Chapitre 5 (3/3)
Nathanaël dut tendre le cou pour apercevoir la source du bruit. Une vingtaine de mètres plus loin, il repéra un homme en costume d’une quarantaine d’années, cheveux bruns soigneusement plaqués sur le crâne, visiblement perché sur une estrade. À la grande surprise de l'adolescent, il ne distingua aucune aura autour de son corps. Il avait déjà vu des non-sensibles à l'Institut, mais ils devaient être rares à occuper des postes suffisamment importants pour s'adresser ainsi en public.
L’inconnu s’affaira encore quelques secondes sur le micro et tapota à deux reprises contre la capsule pour s’assurer de son bon fonctionnement. Cela fait, il leva les yeux vers la foule, un sourire chaleureux sur les lèvres.
— Bonsoir ! Merci à tous d’être là, les jeunes, mais aussi les moins jeunes, pour célébrer la fin d’une nouvelle année ! J’espère que vous vous amusez bien ! Je profite de cette formidable avancée technologique qu’est le microphone pour rappeler à nos chères têtes blondes que l’alcool est réservé aux adultes. Inutile de demander en douce aux serveurs, ils sont dans le coup et ils ouvrent l’œil !
Il plaça deux doigts devant ses yeux avant de les promener sur la foule en signe d’avertissement. Dans la périphérie de son champ de vision, Nathanaël aperçut deux adolescents, des verres de champagne à la main, qui pouffaient plus ou moins discrètement. Visiblement, c’était raté.
— Je laisse maintenant la parole à madame Glanet et vous souhaite à toutes et à tous une excellente soirée !
Quelques applaudissements ponctuèrent sa révérence et l’arrivée sur scène de la prochaine intervenante. La femme avait sensiblement le même âge que son prédécesseur.
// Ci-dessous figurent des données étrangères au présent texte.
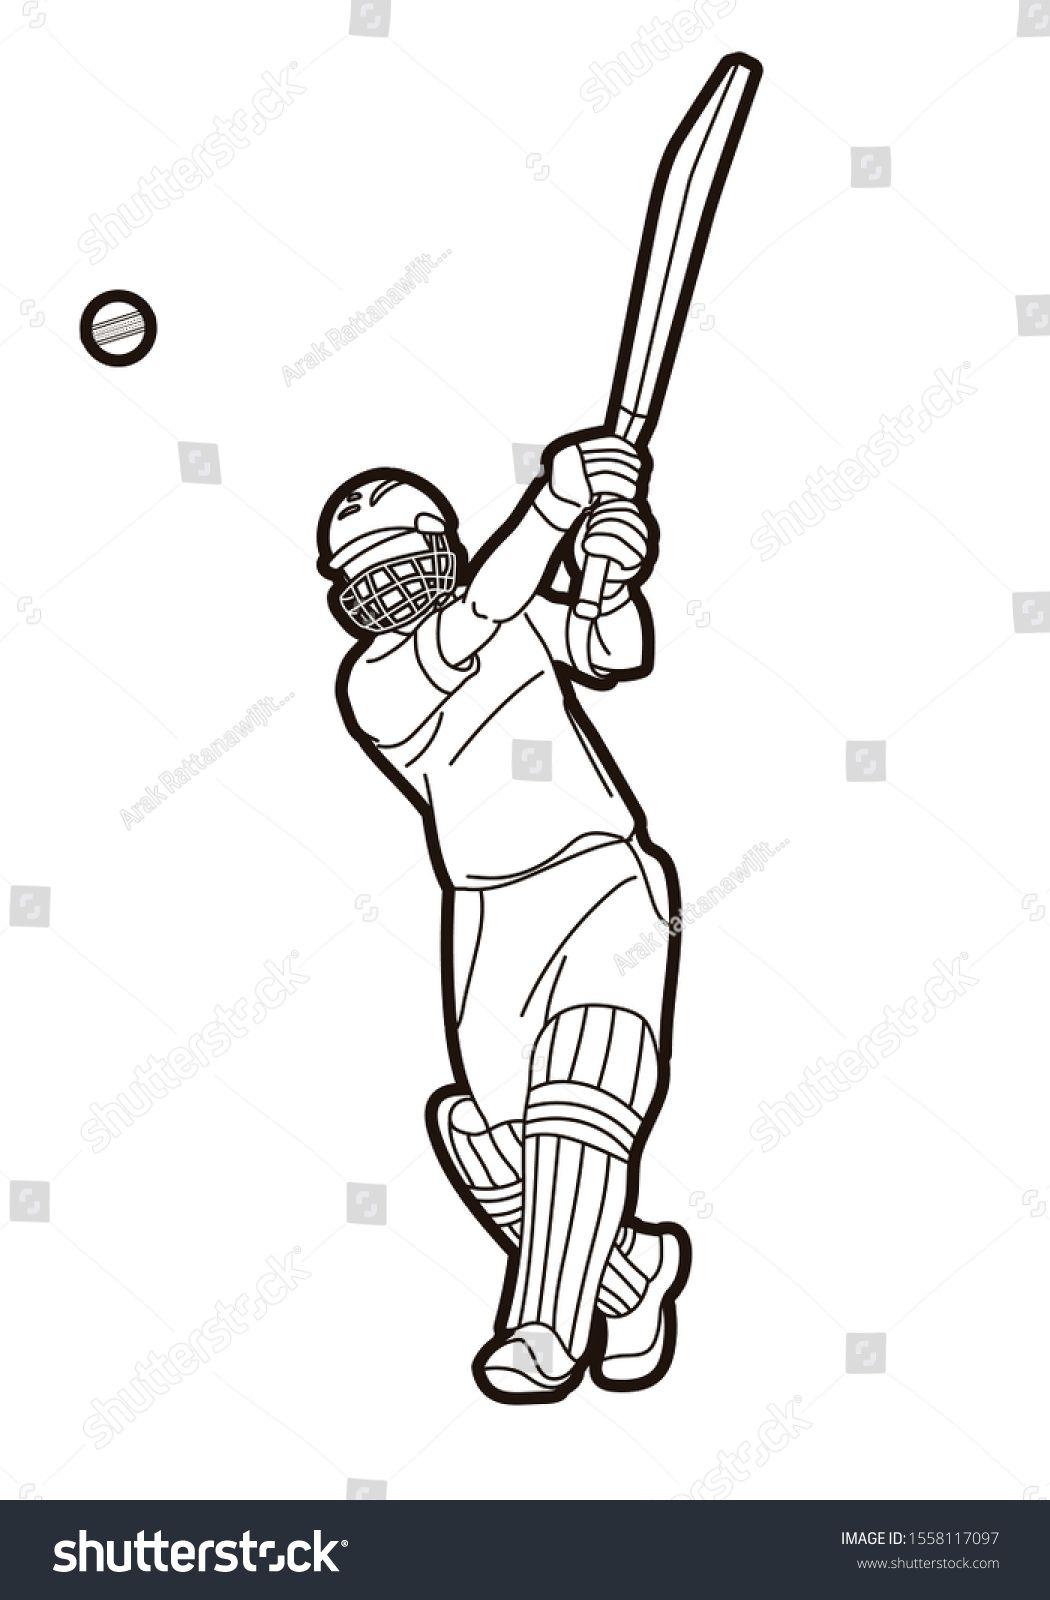 Cricket Batsman Sport Player Action Cartoon Graphic Vector Ad Ad Sport Player Cricket Batsman Sport Player Players Cartoon

Ses cheveux blonds coupés au carré encadraient un visage sérieux et austère aux traits étonnamment fins. Elle prit le micro des mains de son collègue en le remerciant avant de balayer la foule de ses yeux sombres.
Nathanaël observa ses gestes, incapable de détourner le regard. Et pourtant, ce n’était ni la fascination, ni la curiosité, ni l’admiration qui ancraient ainsi ses yeux sur la silhouette de madame Glanet, mais un profond malaise.
— Elle, c’est Sandra Glanet, la directrice des opérations de l’Institut, lui murmura Baptiste.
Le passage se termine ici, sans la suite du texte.